An object falls a distance h from rest. If it travels 0.460h in the last 1.00 s, find (a) the time and (b) the height of its fall.

a) t = 3.771s

b) h = 69.68 m

Explanation:

Given;

total distance covered = h

Using the second equation of motion;

h = ut + 0.5at² ... 1

We know u=0, since the object fall from rest.

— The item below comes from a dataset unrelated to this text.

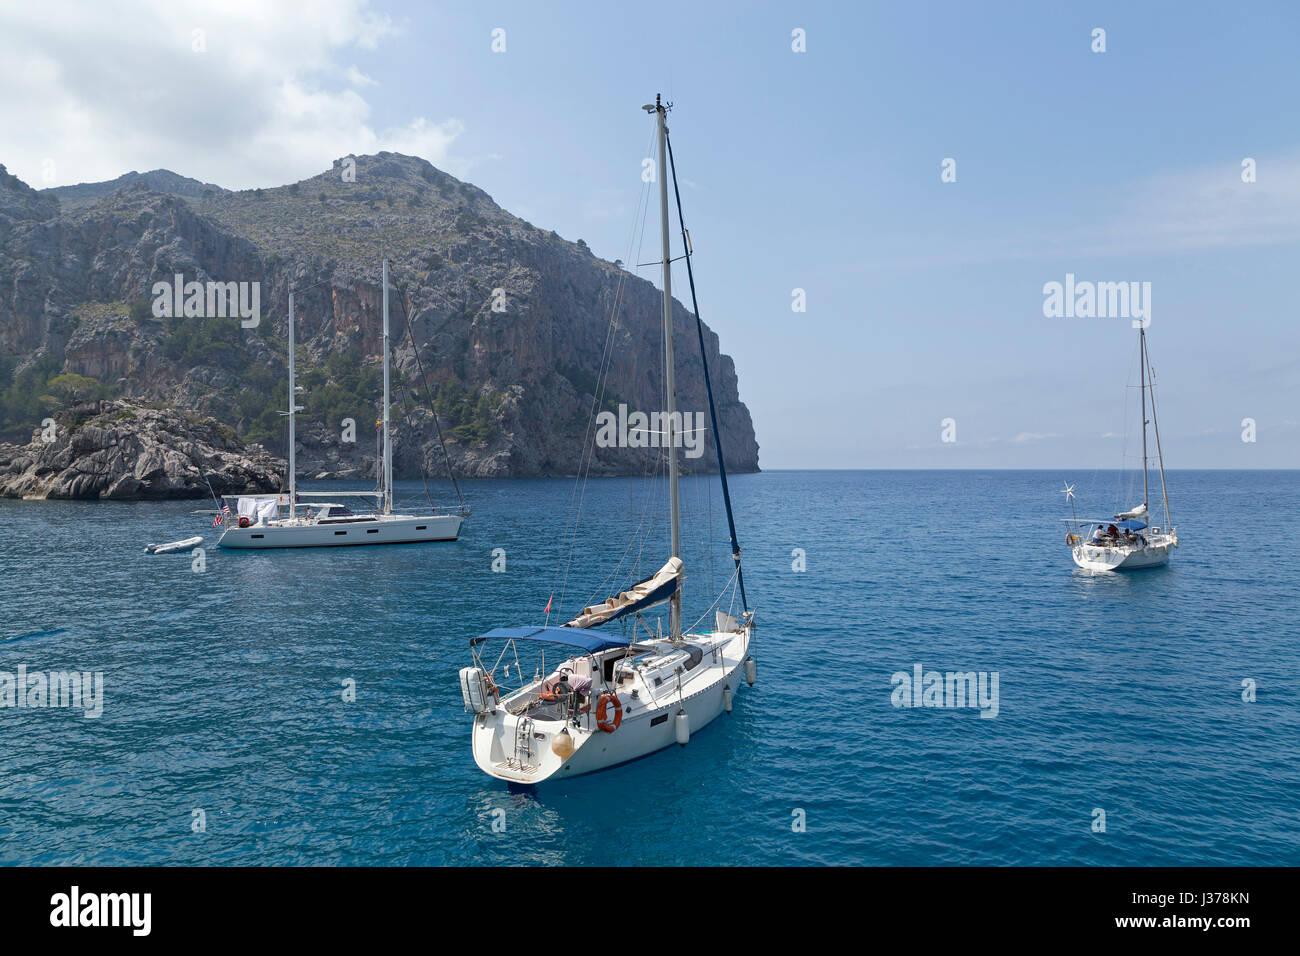 sailing boats in the bay of Sa Calobra, Serra de Tramuntana, Mallorca, Spain - Stock Image

and also acceleration a = g (acceleration due to gravity)

The equation 1 becomes;

h = 0.5gt² ... 2

Equation 2 is the overall equation of motion of the object.

Where;

h = height of fall

t = total time of fall

The motion have two phases.

1) distance travelled in the first phase is

h₁ = h - 0.46h = 0.54h

Time taken for the first phase is;

t₁ = t-1

2) distance travelled in the second phase is

h₂ = 0.46h

Time taken for second phase is

t₂ = 1.00s

Writing the equation of motion of the first phase where the object starts from rest, we have;

0.54h = 0.5g (t-1) ² ... 3

Substituting equation 2 into 3, we have;

0.54 (0.5gt²) = 0.5g (t-1) ²

divide both sides by 0.5g

0.54t² = (t-1) ²

(t-1) ² - 0.54t² = 0

Simplifying the equation above, we have;

t² - 2t + 1 - 0.54t² = 0

Then we have a quadratic equation;

0.46t² - 2t + 1 = 0

solving the quadratic equation, we have

t = 3.771 or t = 0.5764

Since t cannot be less than 1,

Recall that t₁ = t-1, and t₁ cannot be negative. so t>1

t = 3.771s

b) Using equation 2

h = 0.5gt²

h = 0.5*9.8*3.771²

h = 69.68 m

A. Time, t = 4.35s

B. Height of its fall, S = 92.72m

Explanation:

Vo = 0 m/s

Vi = 0.46h m/s

S = h m

a = 9.81 m/s2

To calculate the time taken, we need to get the value of the distance, h.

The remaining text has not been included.